When it comes to hours worked per week in business, particularly overtime, the BCEA is precise – the maximum normal working time allowed is 45 hours per week, any overtime is voluntary and may only be worked in agreement between employer and employee.

Nicol Myburgh, Head of HR Business Unit at CRS Technologies, an HR and HCM specialist services provider, offers a broad perspective on the matter and the company’s view, which, as he explains, is only a guideline.

Myburgh says there are terms and conditions that have to be taken into consideration – including the fact that the above regulation excludes lunch breaks. “Lunch breaks are, by law, not defined as working time and will therefore be unpaid,” and does not mean the employee must work 45 hours per week normal time.

Related: Master The Ins And Outs Of South Africa’s Labour Laws

“The normal working hours are determined by mutual agreement between employee and employer, in this aspect the act only provides the maximum limit of 45 hours, and does not mean the employee MUST work 45 hours per week normal time. The statutory limitation of 45 hours per week means that the employee may not work more than 45 hours per week normal time,” says Myburgh.

Labour legislation is also clear on overtime, defined as time worked in excess of the normal working hours.  “The maximum permissible overtime is three hours per day or 10 hours per week. The employee must be paid at one and a half times his/her normal wage rate except for Sunday work and work on public holidays, which must be paid at twice the normal wage rate. The employees aren’t necessarily paid for overtime, instead by mutual agreement, they can be granted time off in lieu of payment calculated by the same formula mentioned above,” Myburgh continues. 

By mutual agreement

However, this segment of the law is only applicable to employees earning below the earnings threshold, as determined by the Minister, and is currently R205 433,30.

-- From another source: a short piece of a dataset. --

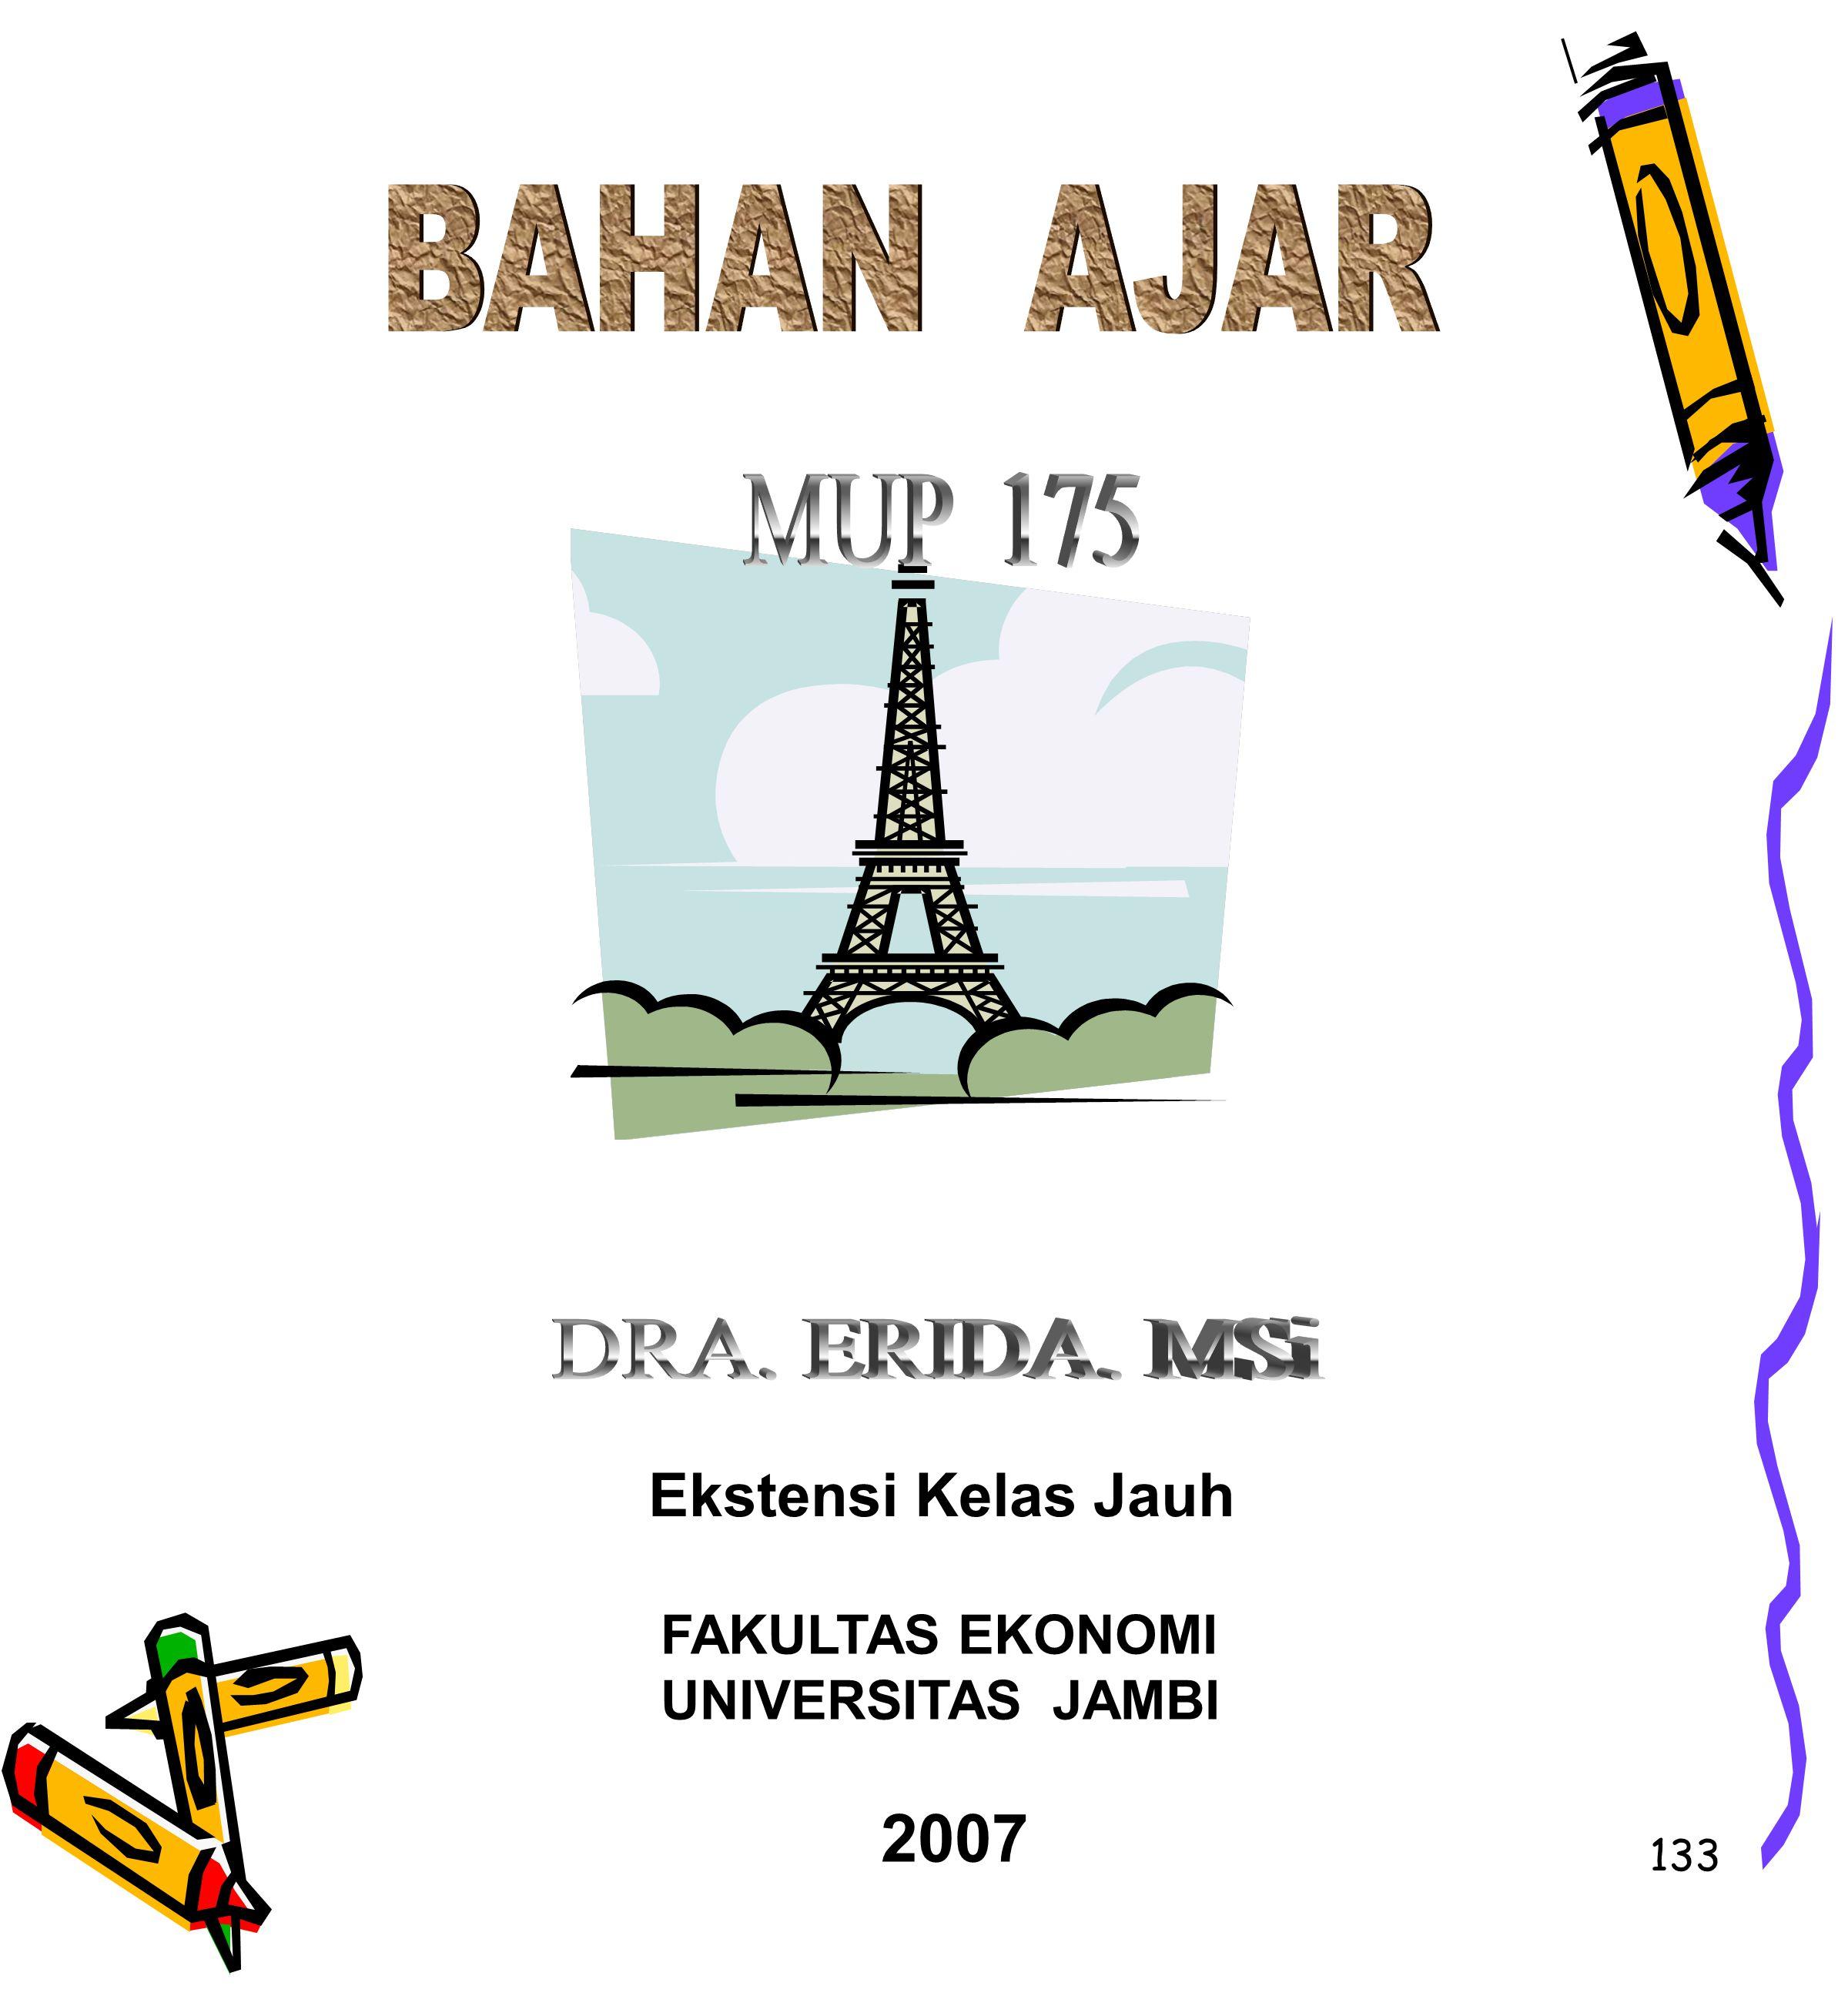 2007 Ekstensi Kelas Jauh FAKULTAS EKONOMI UNIVERSITAS JAMBI BAHAN AJAR

As CRS Technologies executives explain, overtime payment or time off in lieu thereof for employees earning above this threshold is not compulsory, but rather a mutual agreement between employer and employee.

Employees earning above the threshold for overtime who are not compensated by employers have the right to refuse to participate in overtime work.

While it is true that each industry has its own variations and is governed by specific dynamics, legislation regulating overtime is applicable irrespective.

“No employee may work more than 45 hours per week normal time and the no employee may work more than 10 hours per week overtime. However, while the BCEA sets the fundamental minimum rules, there are legislated variations based on sectoral or industry operational requirements.  A sectoral determination, a Bargaining Council Main agreement or a union agreement, etc. may bring about variations on the conditions mentioned above since these documents are viewed as extensions of the act.  These are known as delegated legislation,” says Myburgh.

Related: What The Law Says About Employee Leave And Absence

CRS Technologies refers to the security industry as an example.The company explains that Sectoral Determination 6: Private Security Sector, regulates among other conditions the maximum normal working hours to 48 hours per week for a security officer.

“…And the Metal and Engineering Industries Bargaining Council regulates the conditions for employees operating in the industry, among other conditions the ordinary hours of work shall not exceed 40 in any one week for employees on day shift and/or night shift or employees working on the two and/or three-shift system,” Myburgh explains.

A further example is the retail industry, where overtime provisions allow for extended shopping hours.